Particular cuts that work well for braising are lamb shanks, short ribs, pork "butts" or shoulders, ribs, brisket, or even chicken thighs or legs. Braising is integral in dishes like pot roast, osso bucco, coq au vin, stew, or ropa vieja. Essentially, you can think of it as anything that can be thrown into a slow cooker or Crock Pot being braised. It's also a perfect cooking method for a cold winter's night and almost always a super-convenient one-pot meal. 

Most braises also initially call for a round of searing, meaning cooking a product in a liberal amount of fat over a high temperature until it's sufficiently browned. This is essentially building flavor and texture on the tougher product before adding liquid, time, and heat in order to help the food item loosen up and become uber-tender. 

What does braising mean?

As noted by Masterclass, "braising works beautifully on all cuts of meat, even lighter ones like chicken, but the cooking technique especially benefits the tough cuts, like beef brisket. Braising tenderizes meat, dissolving collagen and connective tissue into gelatin (which makes for a richer sauce or gravy later on) and coaxing flavor through every meat fiber until it's fork-tender." And that about sums it up! It's a great method to make even the cheapest meats taste amazing by basting themselves.

Most braises take at least two to three hours while others might even become an all-day adventure. The liquid used to braise is often stock, broth, or wine, but it can also be just plain ol' water. Many braises are done on the stovetop in a pot with a lid, or possibly even in an oven (also in a closed cooking vessel, either with a lid or a foil covering).

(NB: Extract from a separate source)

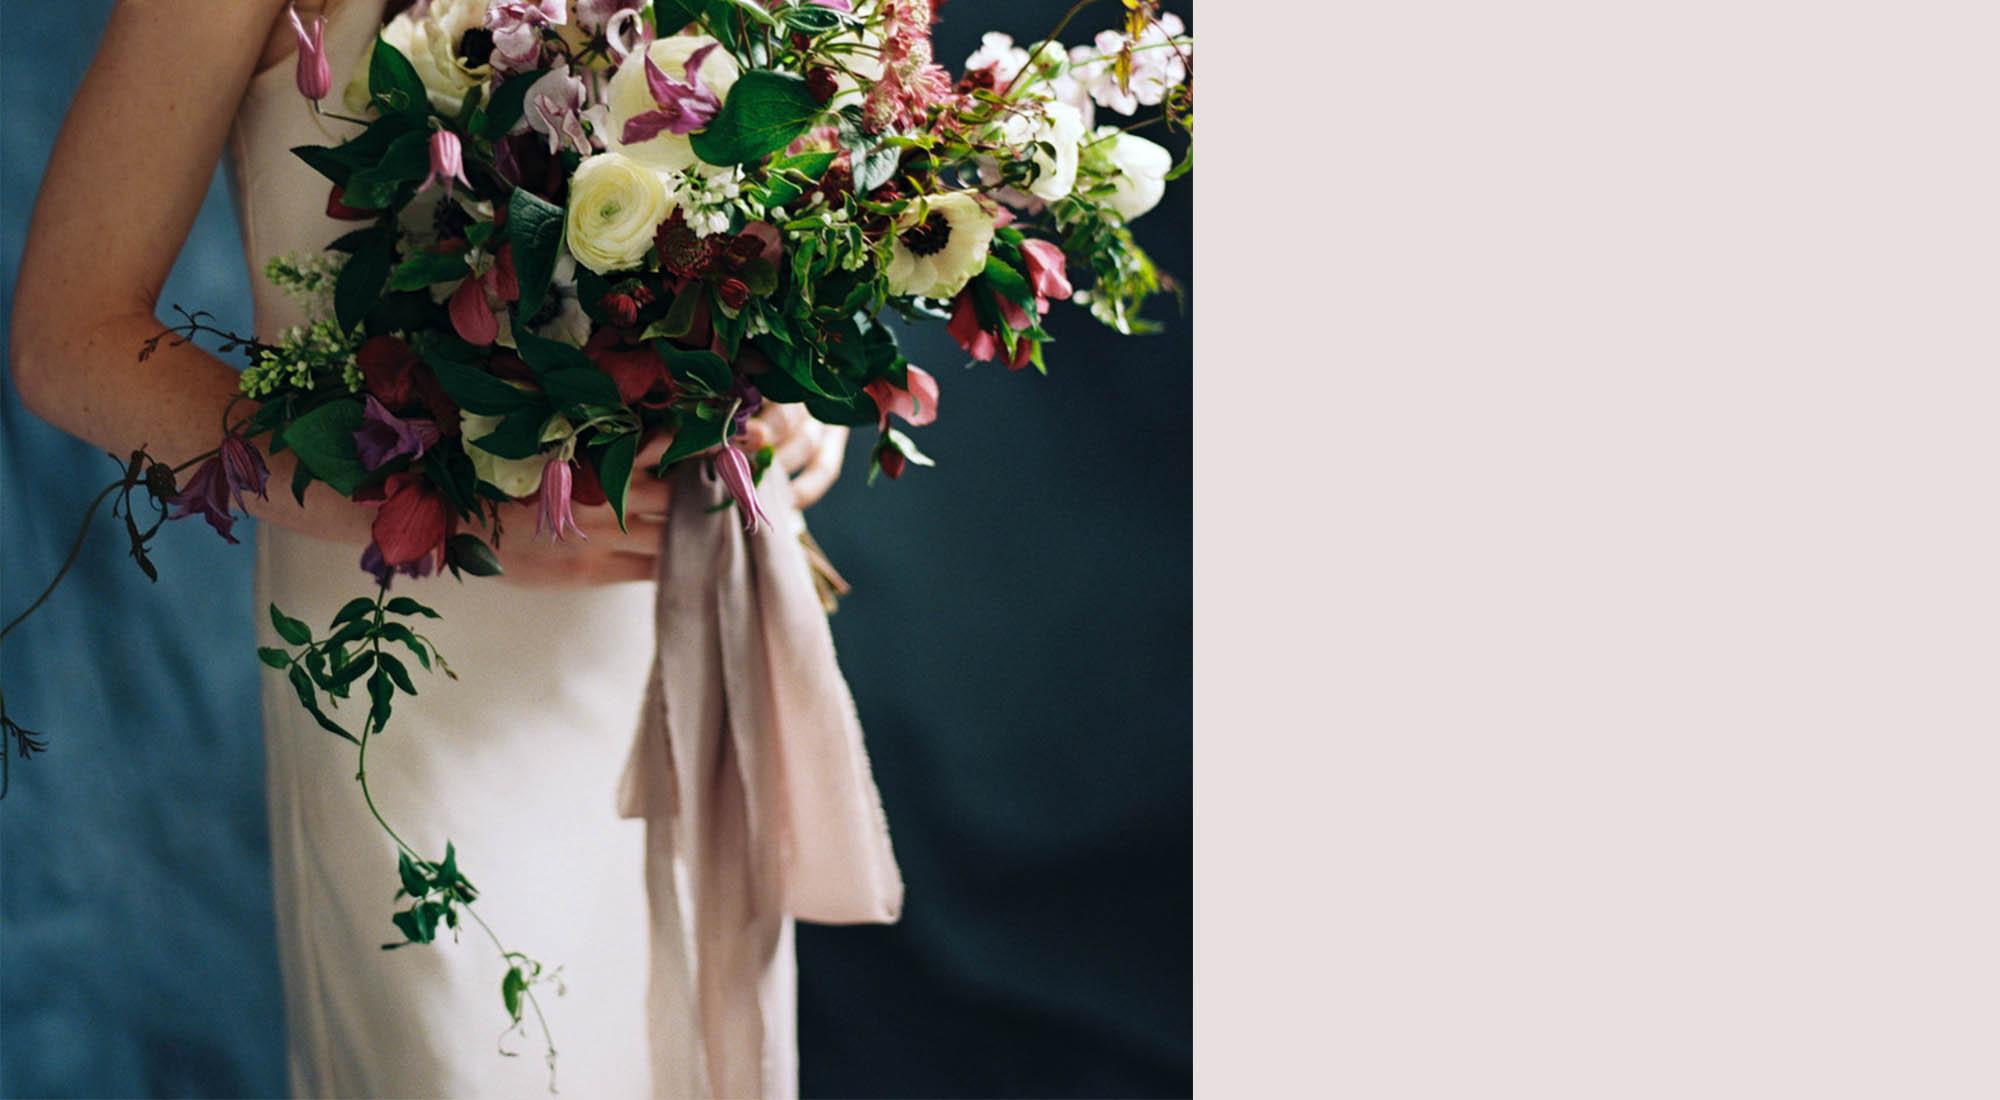 Chiffon Ribbon wedding bouquet rose color palette

Also, don't forget your vegetables and aromatics in order to help further flavor that cooking: Everything from celery and carrots to shallots and bay leaves. Some important final notes from Leite's Culinaria are to "use tight-fitting lids," "maintain a low heat," and choose "the right size pot."

Bonus? Once the braised item is sufficiently cooked, the leftover cooking liquid can (and should) be reduced over low heat and fortified with butter or even cream to produce a really terrific, incredibly rich pan sauce or gravy to pour all over your plate with reckless abandon. 

Braising is nearly foolproof, and we couldn't recommend it enough.